#39018 [BC-Insight] Rate Limiting Under-Specification and Consequences
Submitted on Jan 20th 2025 at 13:52:20 UTC by @csludo for Attackathon | Ethereum Protocol
Report ID: #39018
Report Type: Blockchain/DLT
Report severity: Insight
Target: https://github.com/ethereum/consensus-specs
Impacts:
Unintended chain split affecting less than 25% of the network (Network partition)
Description
Brief/Intro
The rate limiting mechanism in current implementations is under-specified, leading to inconsistent behavior and unintended consequences across clients. This lack of clarity results in network instability, degraded performance, and forks, as demonstrated below. For example, an honest lighthouse client will disconnect from an honest prysm client because they chose different rate-limiting parameters and have different rate-limiting error codes.
Vulnerability Details
Rate limiting is a critical component of such a decentralized network, ensuring that nodes do not get overwhelmed by misbehaving peers, malicious actors, or excessive traffic. Such a component needs to be well-defined and consistently implemented across clients, to avoid incompatible behaviors and incompatibility.

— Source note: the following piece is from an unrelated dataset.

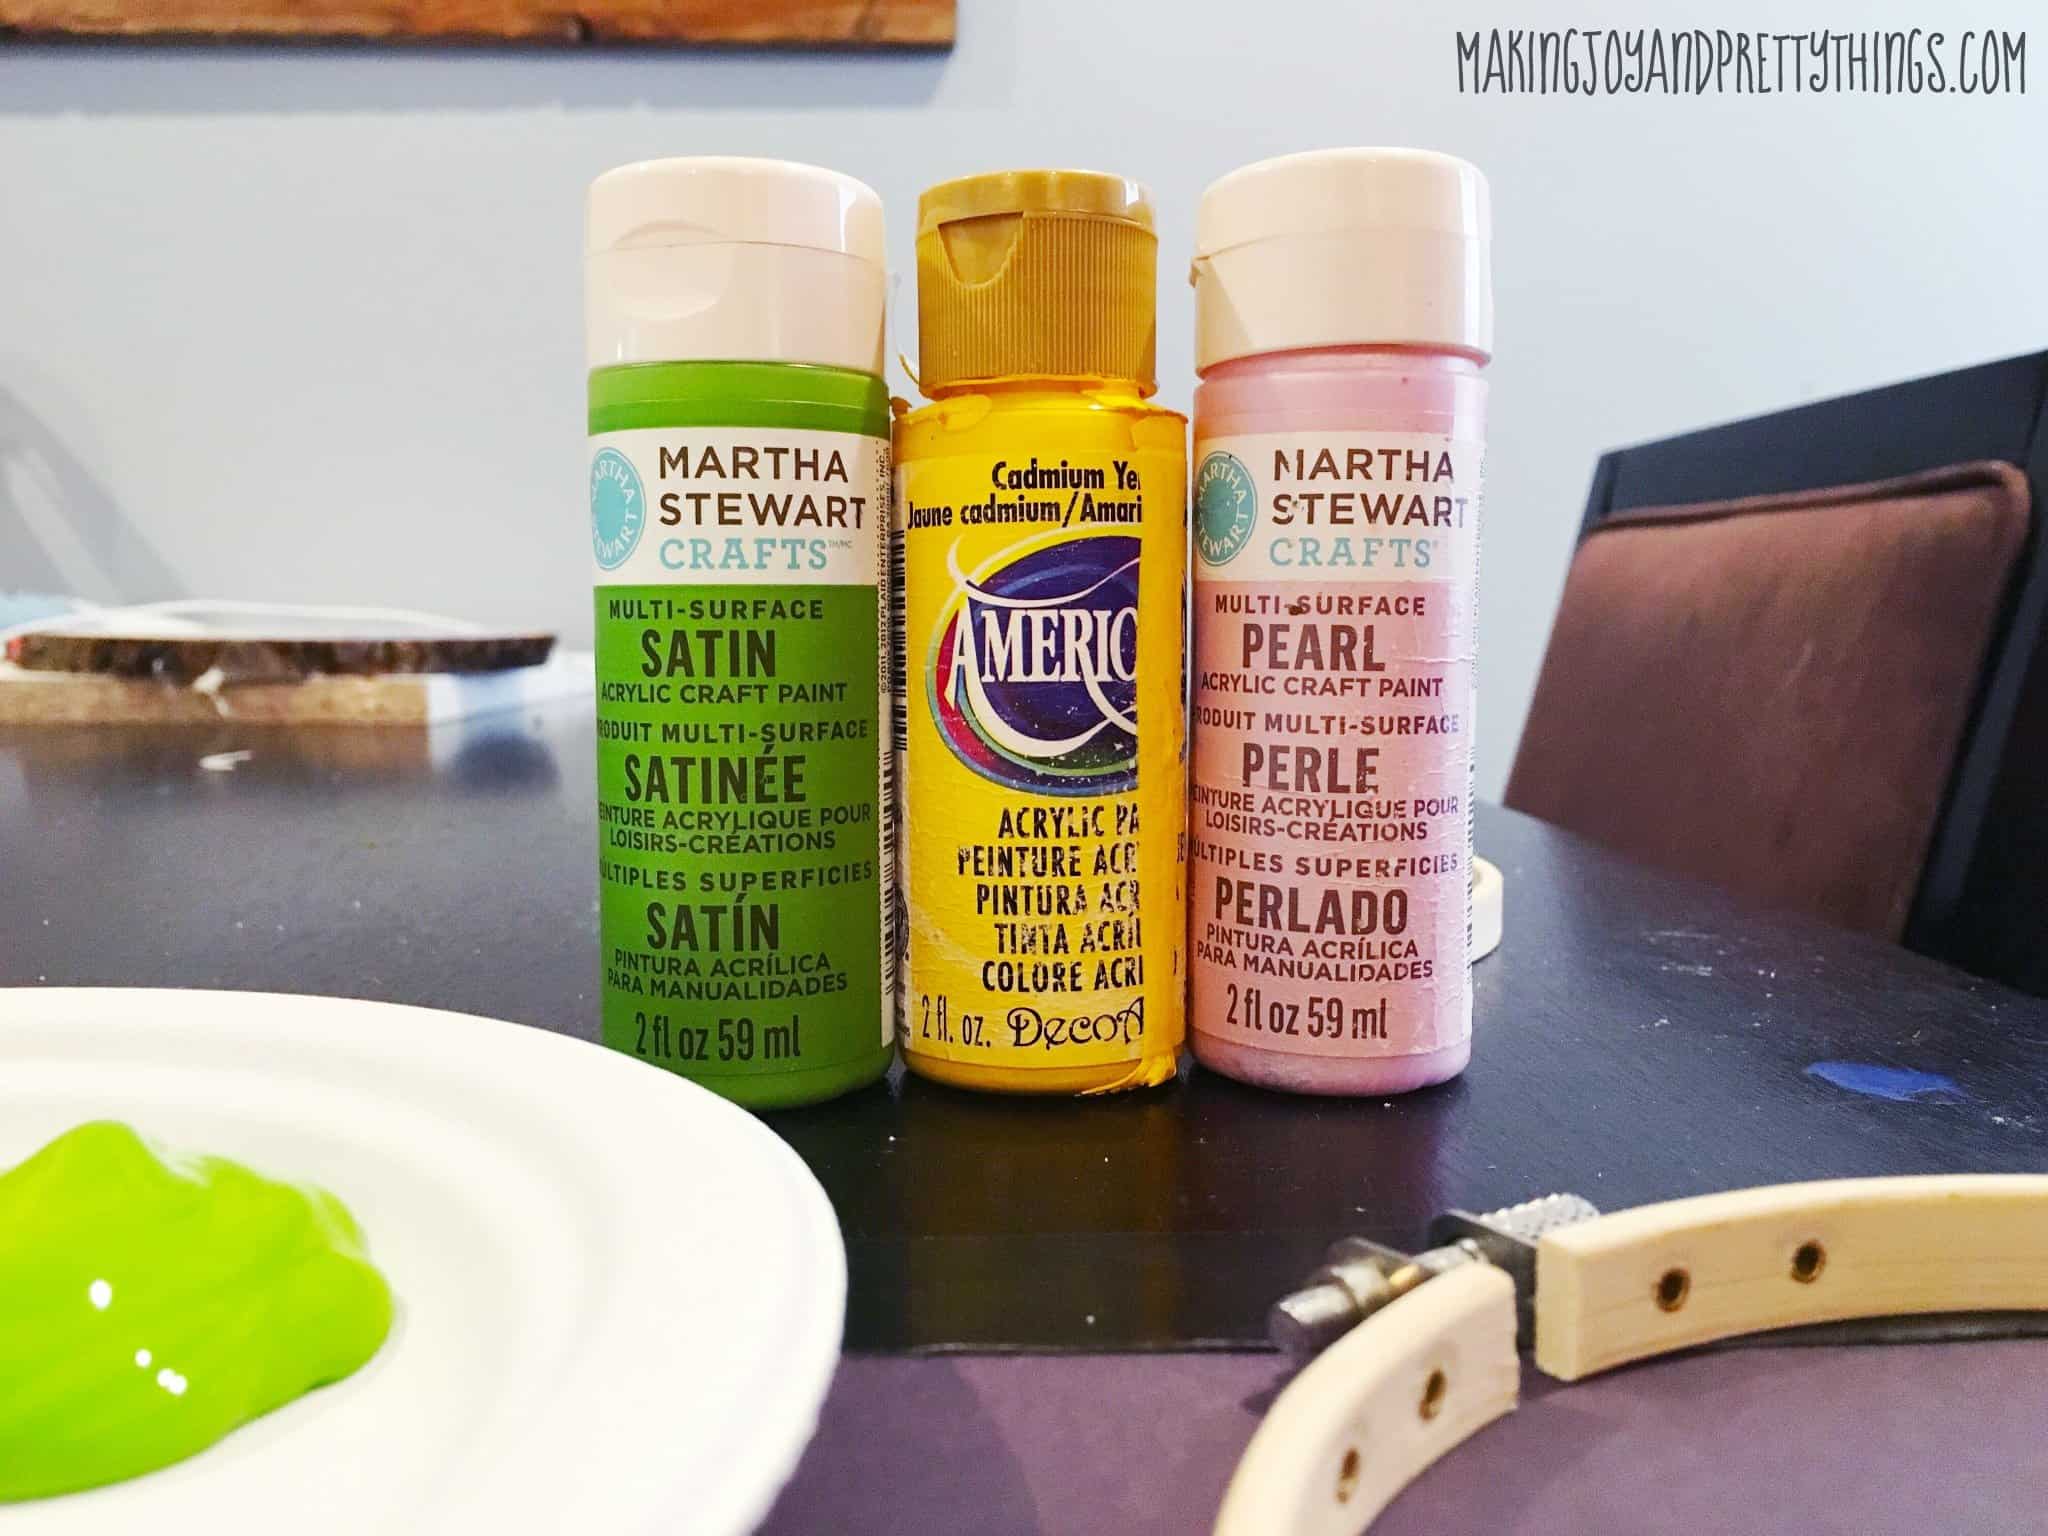 Small bottles of green, yellow, and pink acrylic craft paint lined up on a table. A dollop of green pain sits on a white paper plate, along with an empty craft hoop.

Rate limiting, as implemented across various clients, relies on generic algorithms such as the leaky bucket model. However, the specification provides insufficient detail about key parameters and their expected behavior, resulting in:
Ambiguity in Configuration: Different clients implement varying rates and limits, leading to inconsistency in how rate limiting is applied.
Lack of Standardization: Critical aspects, such as whether limits should be peer-specific or topic-specific, are not clearly defined.
Undefined Errors: There is no guidance on how clients should handle nodes that temporarily exceed limits, leading to excessive disconnections. Additionally, peer score adjustments can misinterpret rate limiting errors as RPC errors, further exacerbating the problem. Standardizing error codes for rate limiting would help mitigate this issue.
This is especially problematic because these issues disproportionately affect well-connected peers with low latency. These peers are among the most important for maintaining network stability and efficient communication.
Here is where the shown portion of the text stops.